Finding an effective approach will be a challenge. Insufficient demand and slow job creation remain big problems. But new data also show that job openings are not supporting the expected level of new hires. Structural barriers to full employment may be to blame. Many displaced workers have obsolete skills. Others are locked in moribund job markets because their houses are unsellable, worth less than the mortgage loans they must repay.

The record of programmes designed to put the long-term unemployed back to work is also somewhat mixed. Job search and matching assistance would typically be the quickest way to cut the number of jobless, but not when the economy is as weak as it is now. Retraining workers, particularly in technical fields, can be effective, but the benefits accrue slowly over time. Job-finding bonuses may pep up motivation among the long-term unemployed, and could encourage them to move to places with more jobs.

Sadly, no quick fix is available. But the failure to change tack may prove costly, leading to slower growth and larger fiscal burdens. When Congress takes up the question of benefits again in November, it should bear this in mind: a failure to deal promptly with long-term unemployment will ensure that unemployment becomes a long-term problem.

Well, there is a micro-economic fix:

Tyler Cowen points out some other differences.

In recent times, Germany has shown signs of regaining a pre-eminent economic position. Policy makers have returned to long-run planning, and during the last decade have liberalized their labor markets, introduced greater wage flexibility and recently passed a constitutional amendment for a nearly balanced budget by 2016, meaning that the structural deficit should not exceed 0.35 percent of gross domestic product.

Amid the sluggish economies of much of Europe, Germany has booming exports and is nearing full capacity utilization. And many of its workers are postponing vacations to produce, and earn, more. The unemployment rate in Germany is 7.5 percent — below that of the United States — and falling.

Far from embracing this social democratic model, American Keynesians have criticized it for relying too heavily on exports and not enough on spending and debt.
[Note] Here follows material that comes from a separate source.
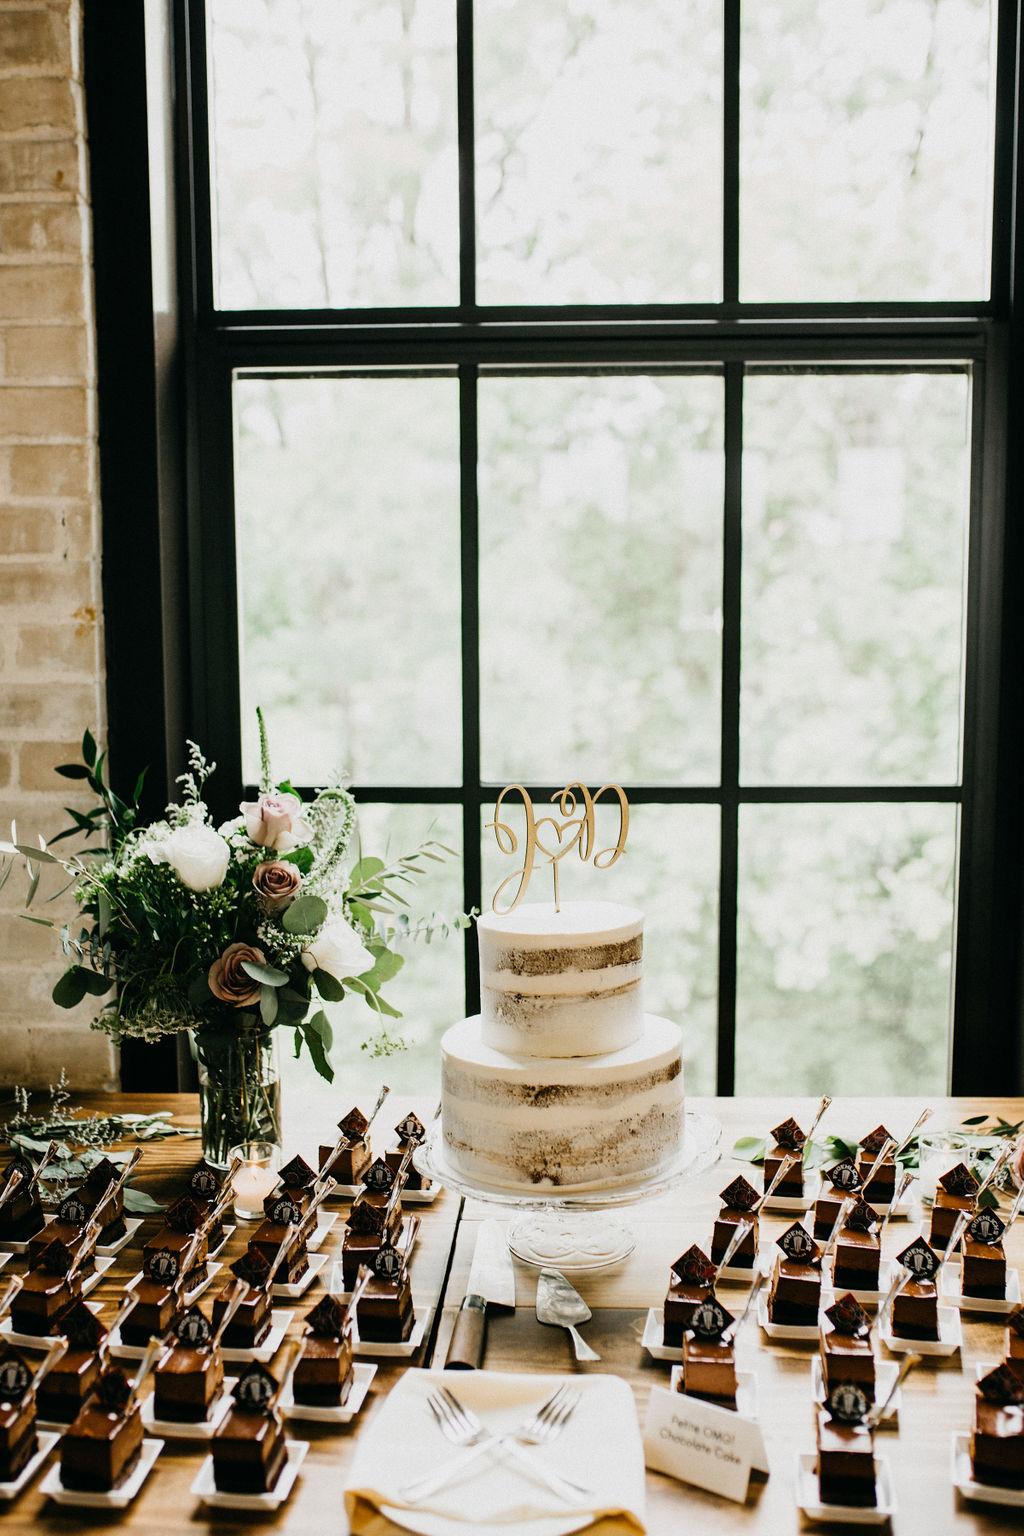 A wedding cake and desserts

Yet it is not just the decline in the euro’s value that supports the German resurgence.

Most of the other euro-zone economies are not having comparable success because they did not make the appropriate investments and reforms. Moreover, the euro is still stronger than its average value since 2001, which suggests that the recent German success is not attributable only to a falling currency.

In any case, the Germans are exporting much quality machinery and engineering (not just glitzy autos), which can help other nations recover. It is an odd state of affairs when the relatively productive nations are asked to change successful policies because of an economic downturn.

The German government is also making credible long-term commitments to reduce its debt. Germany’s ratio of debt to G.D.P. has been hovering in the unhealthy range of more than 70 percent, and the country has one of the lowest birth rates in the developed world, which raises the question of how to pay for future pensions.

Yet many investors consider German bonds a haven, in part because the government has a reputation for addressing fiscal issues promptly and responsibly. It is working to cut government spending, although not in crucial long-term areas of research and education.

Germany is likely to continue having a higher relative level of government spending than the United States. But the German civil service has a stronger hand in writing legislation — a role that limits the sort of waste and short-term thinking that Congress injects into American law. It is also well understood in German political discourse that tax cuts need to be paid for.

The German economy is far from perfect. In addition to high taxes and a low birth rate, there are potential solvency problems in German banks, and these institutions lack transparency. Furthermore, poorer countries may need a looser monetary policy from the European Central Bank than Germany wishes to support.

Nonetheless, it’s a common German attitude that adding debt, whether private or public, will not solve those problems. In fact, debt can provide the illusion of relief and thus postpone their resolution. Increased spending is a quick fix for what are very often more fundamental difficulties.